EU survey highlights lower prospects for career advancement for older workers

Eurofound, the European Foundation for Working and Living Conditions, has released its sixth release of the Working Conditions Survey, conducted since 1001 by interviewing almost 36.000 interviews with employees and self-employed. The survey finds that older workers often lack opportunities for training and advancing their careers.

Positive developments in the report include a reduction of exposure to risks related to posture in work, an increasing share of women in supervising positions (33%) and a majority of respondents expressing satisfaction with their working time (58%).

Older worker's challenges

Older workers report a high risk of being in painful or tiring positions (43%) and are the group which is the least learning new things on the job (33%) and takes the least part in training activities (38%, compared to 43% for 35-49 year-olds and 41% for under 35 year-olds). They also report poor prospects for advancing their career (71%). Older workers are most affected by restructuring or reorganisation.

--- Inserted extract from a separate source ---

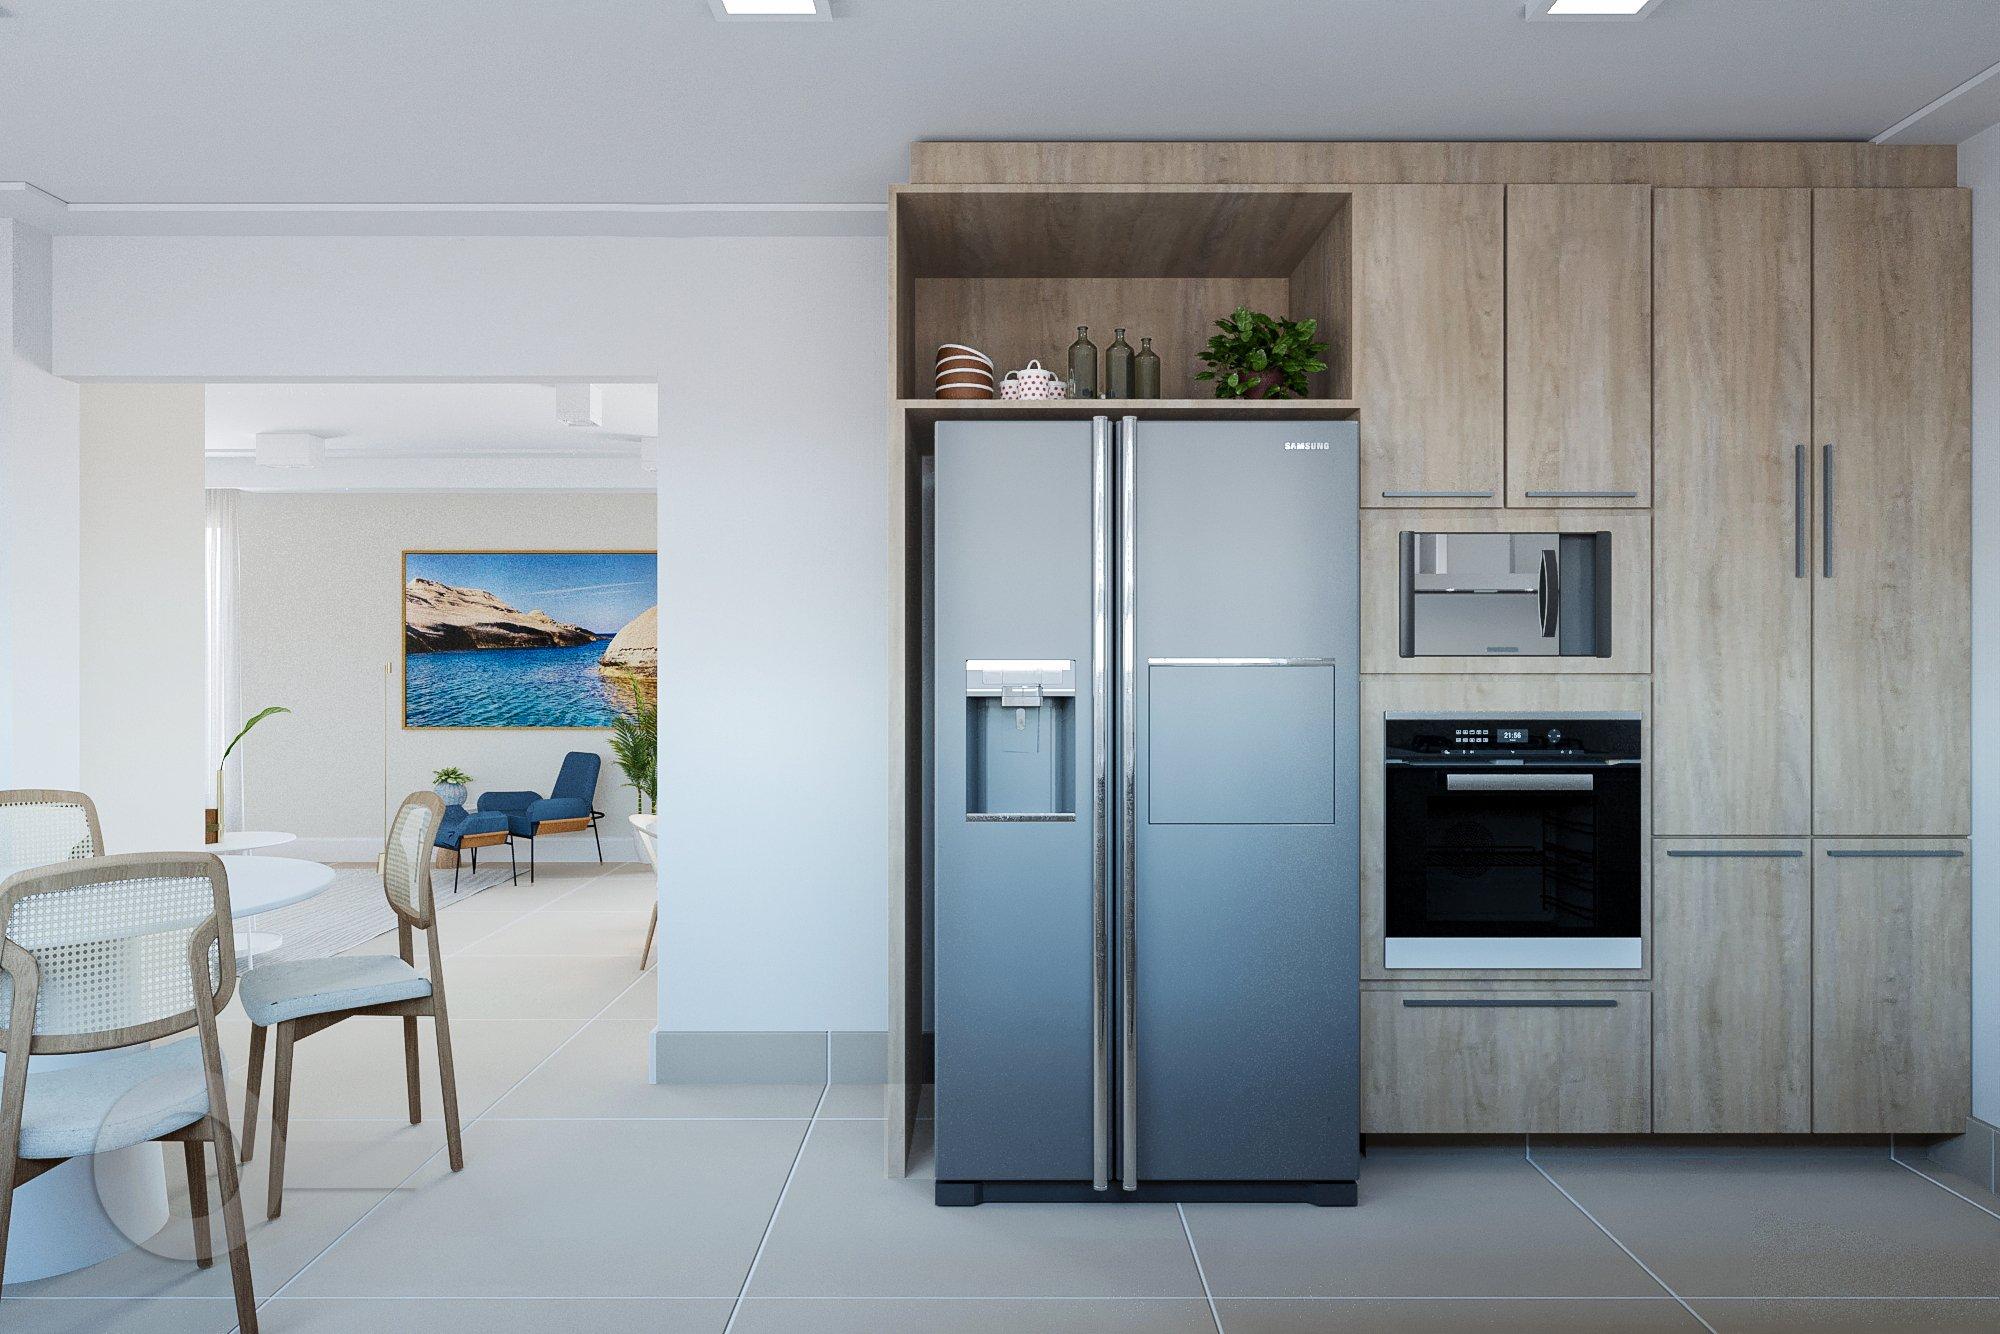 Foto de Cozinha com vaso de planta, forno, geladeira, cadeira, microondas
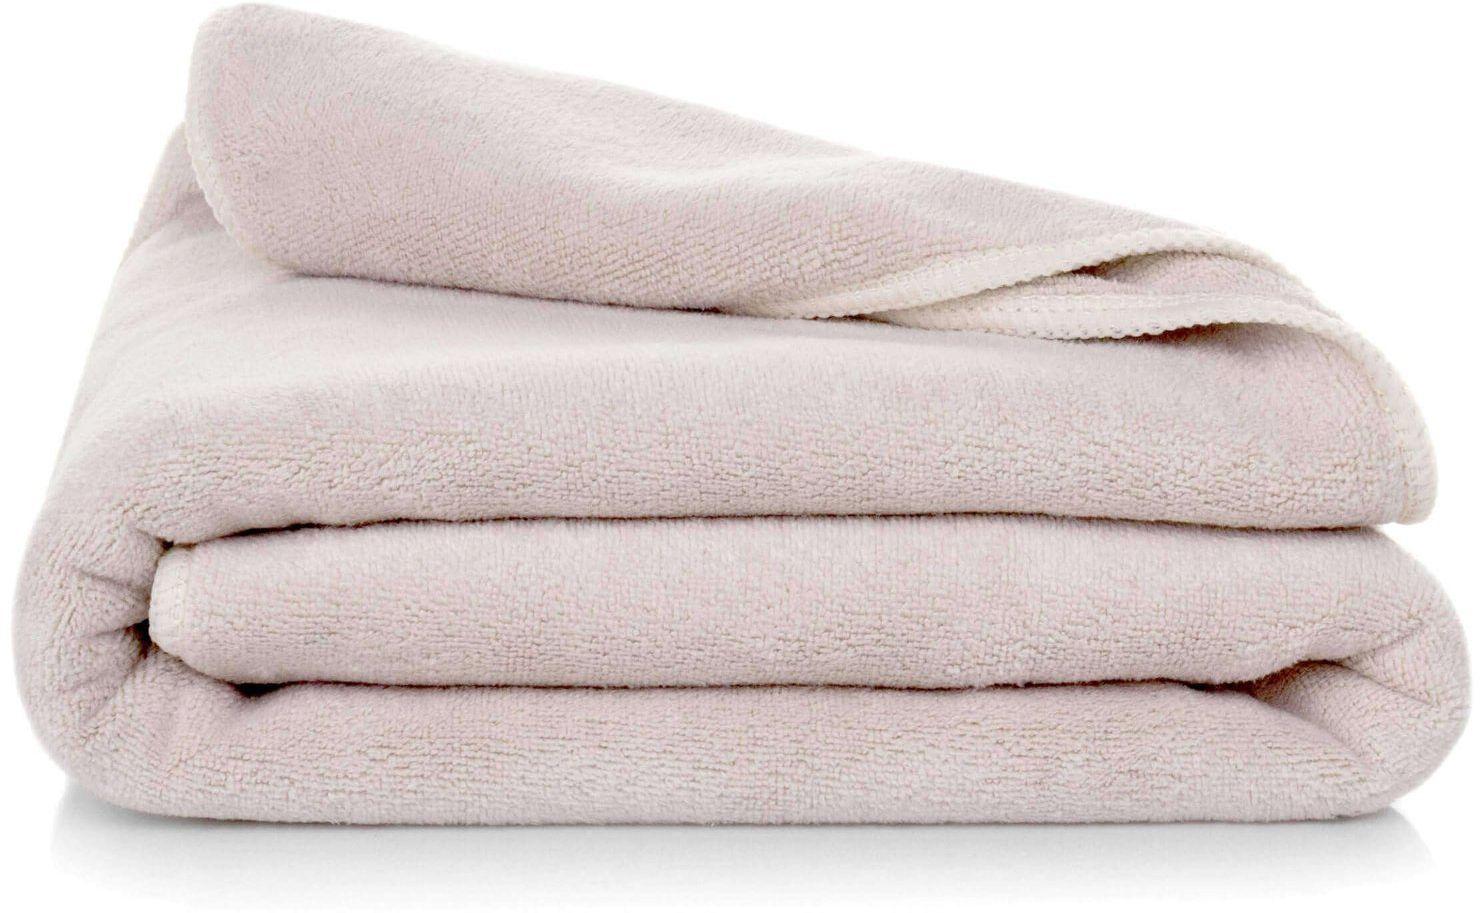 Ręcznik Kąpielowy Eurofirany Amy 02 380 g/m2 Beżowy 70x140

Gender differences and challenges to work-life balance

However, gender differences remain, as men work more frequently longer hours, report more paid working hours and are better informed about health and safety risks at their job. Women spend more time on work if paid work across several jobs, commuting time and unpaid work is combined. Care responsibilities and unpaid domestic work are unevenly shared by women and men, with women undertaking a bigger share of unpaid work. More than half of workers work at least one Saturday per month and only one in five employees is able to adapt the starting and finishing times of their work within designated margins. 45% of workers say that they have worked in their free time in order to meed demands and 21% feel too tired to do some of the necessary household jobs.

Changing nature of work, increasing numbers of reported discrimination

Work is becoming more concentrated, with more work to tight deadlines and has become faster. This can pose a challenge especially to older workers. 17% of women and 15% of men report having been exposed to adverse social behaviour, and 7%, an increasing number, report to have experienced discrimination.